This symbol :|r| by r The absolute value of , |-5| = 5

4.2.4 API
  • from scipy.stats import pearsonr
    • x : (N,) array_like
    • y : (N,) array_like Returns: (Pearson’s correlation coefficient, p-value)
4.2.5 Case study : Correlation calculation of financial indicators of stocks

We just calculated the correlation of these indexes of the stock , Suppose we use

factor = ['pe_ratio','pb_ratio','market_cap','return_on_asset_net_profit','du_return_on_equity','ev','earnings_per_share','revenue','total_expense']

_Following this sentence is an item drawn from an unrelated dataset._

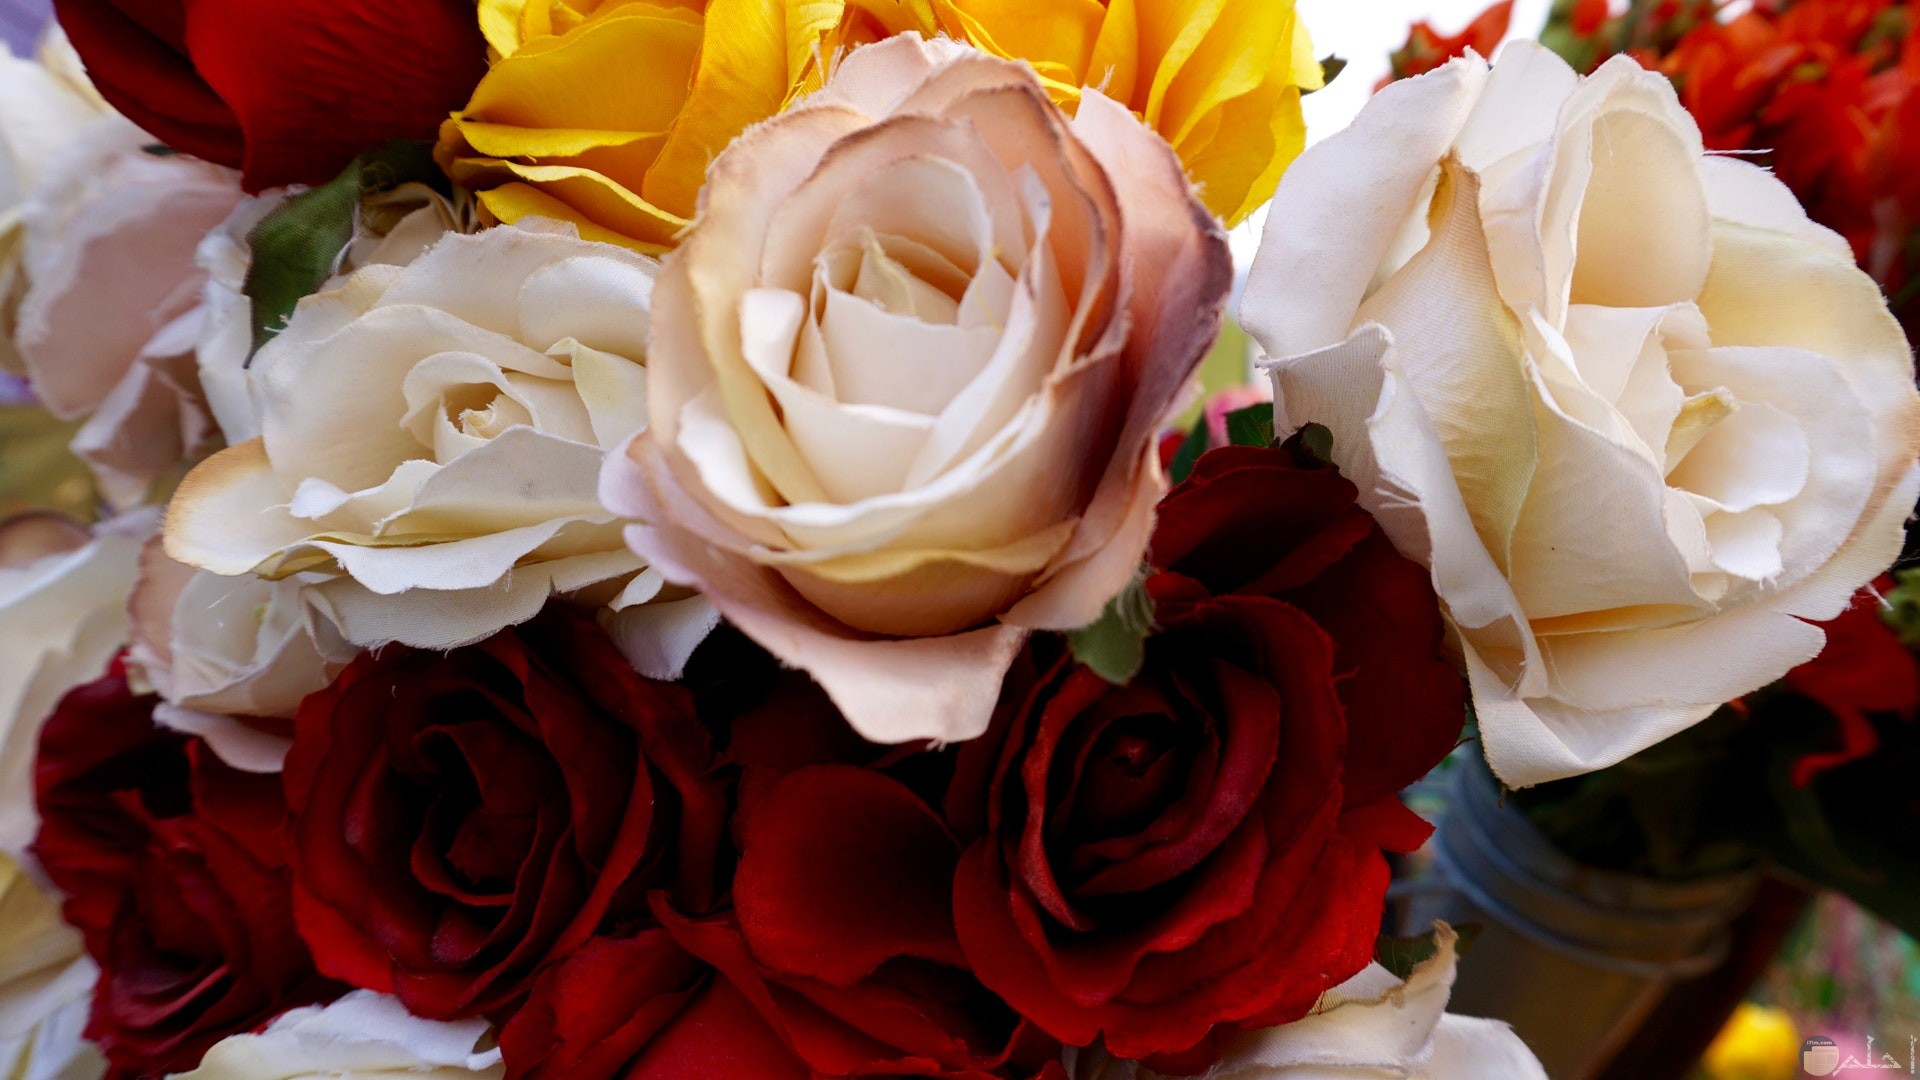 صورة مميزة لمجموعة من الورود البيضاء والحمراء الجميلة معا

Two of these features are calculated , Get some characteristics with high correlation

 Insert picture description here

  • analysis
    • The correlation between two features is calculated
import pandas as pd
from scipy.stats import pearsonr

def pearsonr_demo():
    """  Calculation of correlation coefficient  :return: None """
    data = pd.read_csv("factor_returns.csv")

    factor = ['pe_ratio', 'pb_ratio', 'market_cap', 'return_on_asset_net_profit', 'du_return_on_equity', 'ev',
              'earnings_per_share', 'revenue', 'total_expense']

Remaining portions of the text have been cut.